С той минуты, когда они получили нелепое письмо Виолы, где она сообщила Бене Скурковичу, что рада тому, что ее отыскали, и будет писать, и пришлет свои карточки, их целая жизнь сразу остановилась. Застыла Адела. После яростного взрыва, когда она кидалась на стены, рвала на себе волосы и всеми словами кляла свою дочь, странное равнодушие охватило ее: теперь она часами сидела в большом кресле, блестя красным лаком ногтей и слезами, которые быстро, не переставая, но тоже как будто совсем равнодушно бежали из глаз, – и молчала. И только когда заходящее солнце бросалось на грудь ей, как рыжая кошка, и вдруг начинало лизать ее тело и нежно окрашивать тусклые щеки, она поднималась и шла в свою кухню. Варила там борщ и крутила котлеты. Потом, когда запах борща поднимался над миром Бершевы, себе подчиняя удушливый запах пустыни и зноя, она подзывала из сада Марата своим переливистым низким контральто:
– Обедать! Я больше не разогреваю!
И он шел покорно. Обедали молча. Глаза ее были страшны, полны кровью: сосуды давно в них полопались. Марату Моисеичу иногда даже казалось, что он сидит за столом рядом с мертвой женщиной, которая почему-то двигается и проглатывает пищу.
Однажды он все же решился:
– Позволь мне, я ей напишу…
– Что напишешь? – спросила Адела безвольно и вяло.
– Ведь мы ее так воспитали, Адела… – смелея, сказал он. – Ведь мы объясняли, что нужно быть вежливой… Нужно тактично… Она растерялась, она у нас – тряпка… А муж негодяй, ей там очень несладко…

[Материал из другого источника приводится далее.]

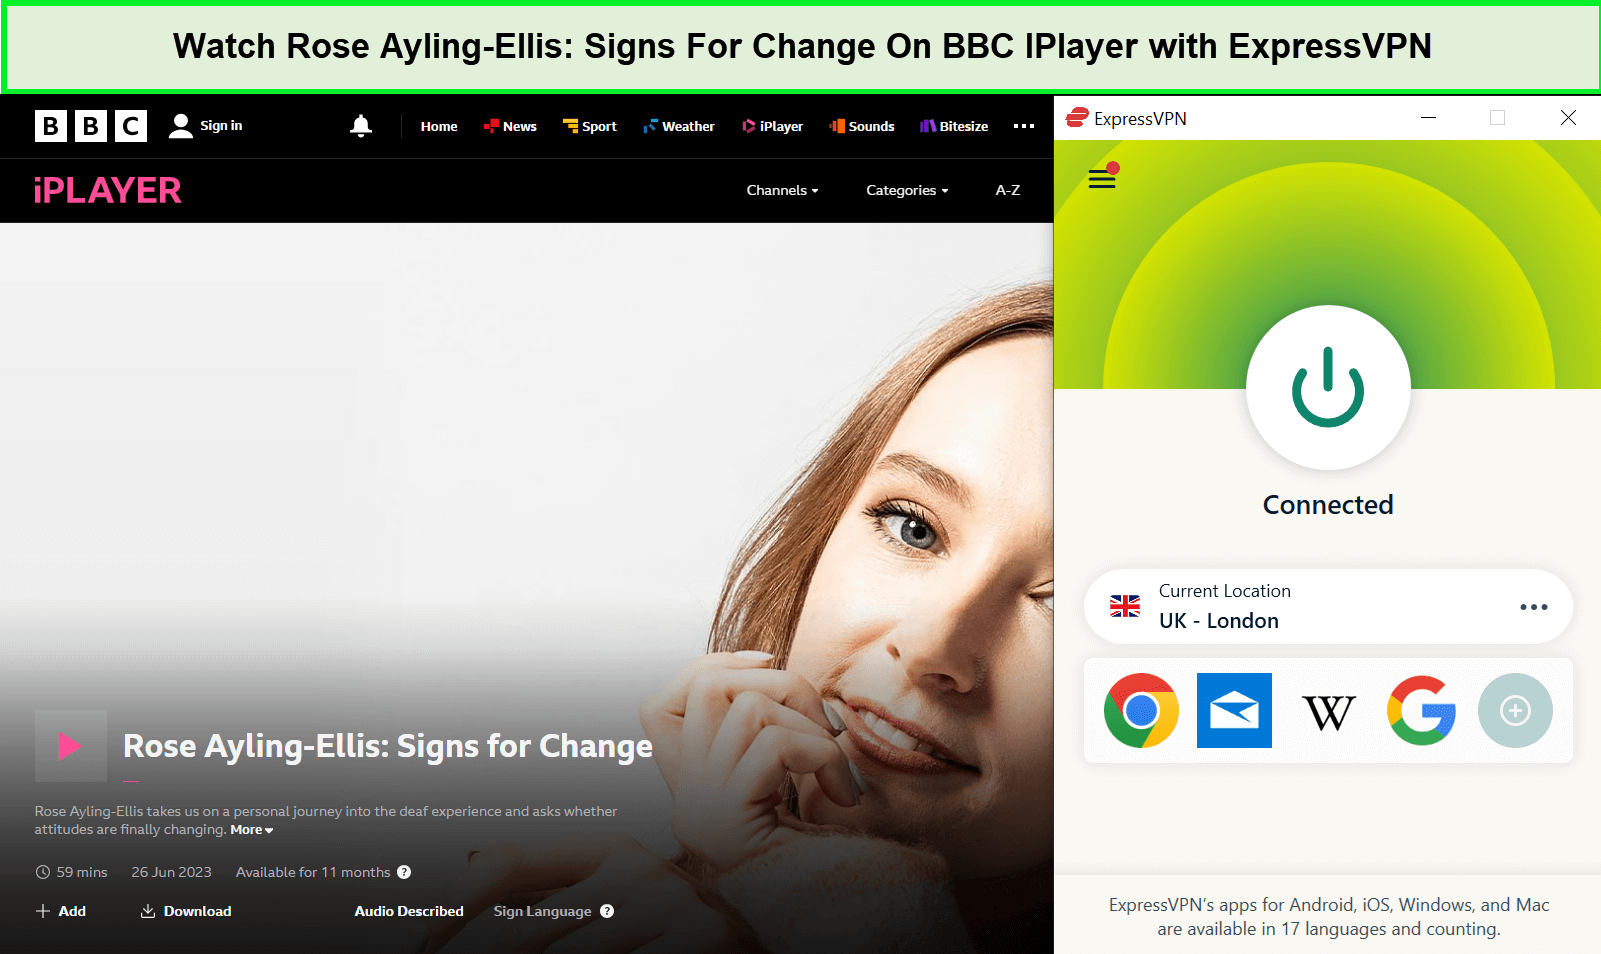 Watch-Rose-Ayling-Ellis-Signs-For-Change-in-USA-On-BBC-IPlayer-with-ExpressVPN

Адела подняла на него свои окровавленные глаза.
– Какое мне дело? Ты хочешь? Пиши.
Утром Марат Моисеич отправился на почту и послал в Новосибирск лаконичную телеграмму: «Пожалей мать». А вечером, когда они уже ложились спать и Адела в белой, до пят, ночной рубашке, вышитой по подолу красными русскими петухами, с сеткой на своих поредевших коротких волосах, мазала оливковым маслом большие пальцы, раздался телефонный звонок.
Марат Моисеич снял трубку. Но в трубке Виола рыдала так бурно, что слов было не разобрать.
– Даю тебе маму, – сказал Марат Вольпин.
– Я слушаю вас, – прожурчала Адела.
– Прости меня! Мама! Ты слышишь? Прости!
Лицо у Аделы менялось: краснело, потом стало белым, потом задрожало.
– Прости меня! Мамочка! Мамочка! Ма-а-ама-а!
Виола рыдала. И чем глубже становился звук ее рыданий, чем меньше слов могла она втиснуть в эту содрогающуюся, влажную, взвизгивающую и хрипящую массу, которая услаждала слух и залечивала сердечную боль ее матери, тем ярче, моложе и даже красивей был облик давно постаревшей Аделы. Мысленным взором своим она видела дочь, растерзанную так, как бывает растерзан человек, заблудившийся в лесу и ставший добычей для дикого зверя. Теперь эта дочь не была ей опасна, лежала у ног ее – грузных, отечных, – как жертвы, залитые черною кровью, лежат на своих алтарях и дымятся; но все же она не была еще мертвой, и только Адела решала сегодня, что делать с покорной распластанной жертвой: добить или дать ей возможность подняться.
– Ну, хватит, Виола, рыдать. Успокойся. Такой разговор стоит денег, а деньги гораздо разумнее тратить на Яну. Как, кстати, ей платье в полоску? Налезло?